Because his name has been concocted to fit just too conveniently with the two epics. The name Homer, in Greek, (Ὅμηρος,) means “hostage” and being a hostage is the very essence of these two great works. Everyone in these two huge operas is dealing with the fact that they are a hostage. The war is not between the Trojans and the Greeks -in any case, around that place and around Homer’s time, they were all Greeks and Herodotus couldn’t see what all the fuss about the abduction of a mere woman was. Such a thing happened all the time by sailors from all around the world. They’d dock their ship at some port or other, girls would be enticed to go up and check out its cargo and before you know it, the ship would be sailing away with them on board! Nothing unusual, certainly nothing to bring on a war over.

But, Homer is trying to say that this war was between Man and his Fate, Man and his inescapable condition, which is to be a hostage. Nietzsche’s “homo!”

Homer is singing in no uncertain notes the true nature of Man, his inability to escape his condition as a hostage. His weakness, his insignificance, his place in the Cosmos as a hostage to it: to the gods, to fate, to the stars, to kings and queens, to beauty and to ugliness, to terror and to horror, to the telly and the dirty book, to things beyond his reach or strength or ken.

“We are all in lock-down,” he sings. “In an eternal lock-down and the exit is most firmly deadlocked!” In another book, by another wise man, he’d put it in different words, “were you a camel (the thickest type of rope) you wouldn’t be able to get through the exit’s eye.”

The Trojans have been hostages to the Greeks for ten years before all the men were slaughtered and all the women – bar one- were taken to Greece as slaves. The one who was freed from enslavement was Polyxena.
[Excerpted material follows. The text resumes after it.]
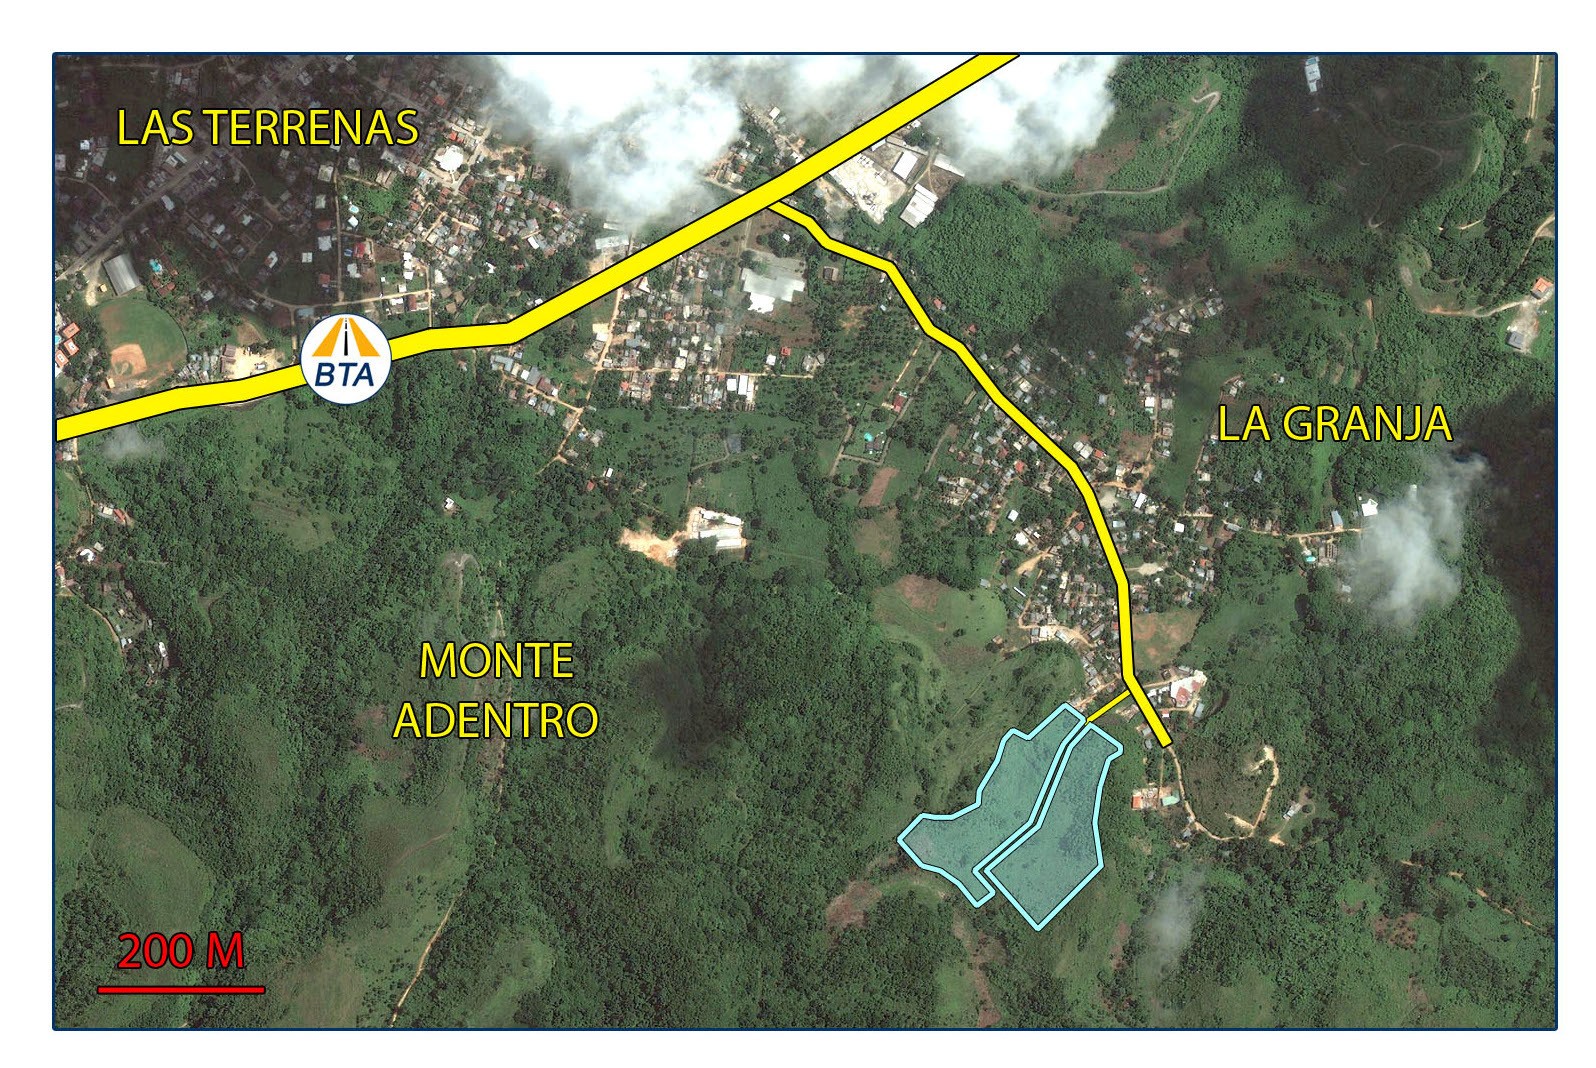 solares y terrenos - Terreno Las Terrenas - Sector La Granja - Muy tranquilo - 80$/m2 0

She was spared the enslavement but instead, she was sacrificed on Achilles’ tomb by his son, Neoptolemos, a man judged by all to be, like Achilles, a man of virtue. By all the Greeks, I mean.

The Iliad begins, in res (in the middle of things) on the tenth year of the war when Chryseas, the father of a young priestess, Chryseis, loads his cart with valuable things, goes to the Greek camp and asks to have his daughter, Chryseis returned to him for all the wealth on his cart. She was held as war-prize by the leader of the Greek army, Agamemnon who, in spite of all his men calling him to return the young woman to her father, he doesn’t. The beautiful Chryseis is a hostage to Agamemnon, and he says he’ll take her home to be his and his wife’s slave.

The distraught father leaves the camp and when he gets back to Apollo‘s temple, prays to the god and he, in answer, punishes the Greeks most severely.

Muse, sing about Achilles’ rage! Peleus’ son and his bellowing rage

which sent immeasurable misery upon the Achaeans, their glorious souls to Hades and their bodies to the teeth of dogs and the talons of birds of prey.

Sing the song from that moment when anger split apart the two men,

King Agamemnon and brilliant Achilles.

The two leaders one, of men, the other of the battlefield, are now hostages to their pride and thus, their soldiers become hostages to them also. So are all the armies that had gathered around the walls of Troy, trying to free another hostage, Helen, ex-queen of Sparta, a hostage now of her lover, Paris and of her beauty, identical to that of the goddess Aphrodite. She was handed over to Paris in a deal between the goddess and the Prince. She was a hostage but then so were all the women at the time. Bereft of any freedom to choose or do anything.

Homer does a divinely inspired job (after all he calls for the help of the muse) in describing Helen’s torment as a hostage and why the Trojan elders understand her predicament and the predicament of all the Trojans and Greeks alike, in effect, their hostage.

So I’ll jump to what the author of these two massive books, The Iliad and The Odyssey is describing for his audience. He is describing the travails of being a hostage. Man’s existential condition. We are all locked up – or “locked-down”- to use the modern vernacular; the Trojans, not for a few weeks, as we are in modern-day Australia but for ten years! No wonder whoever gave him his name he thought of the most appropriate one for him: Homer. Hostage.

We are hostage to the strength and weakness of our bodies, of our minds and of our hearts. We are hostage to the will and whim of others, more powerful than us and we are hostage to this moment and this place.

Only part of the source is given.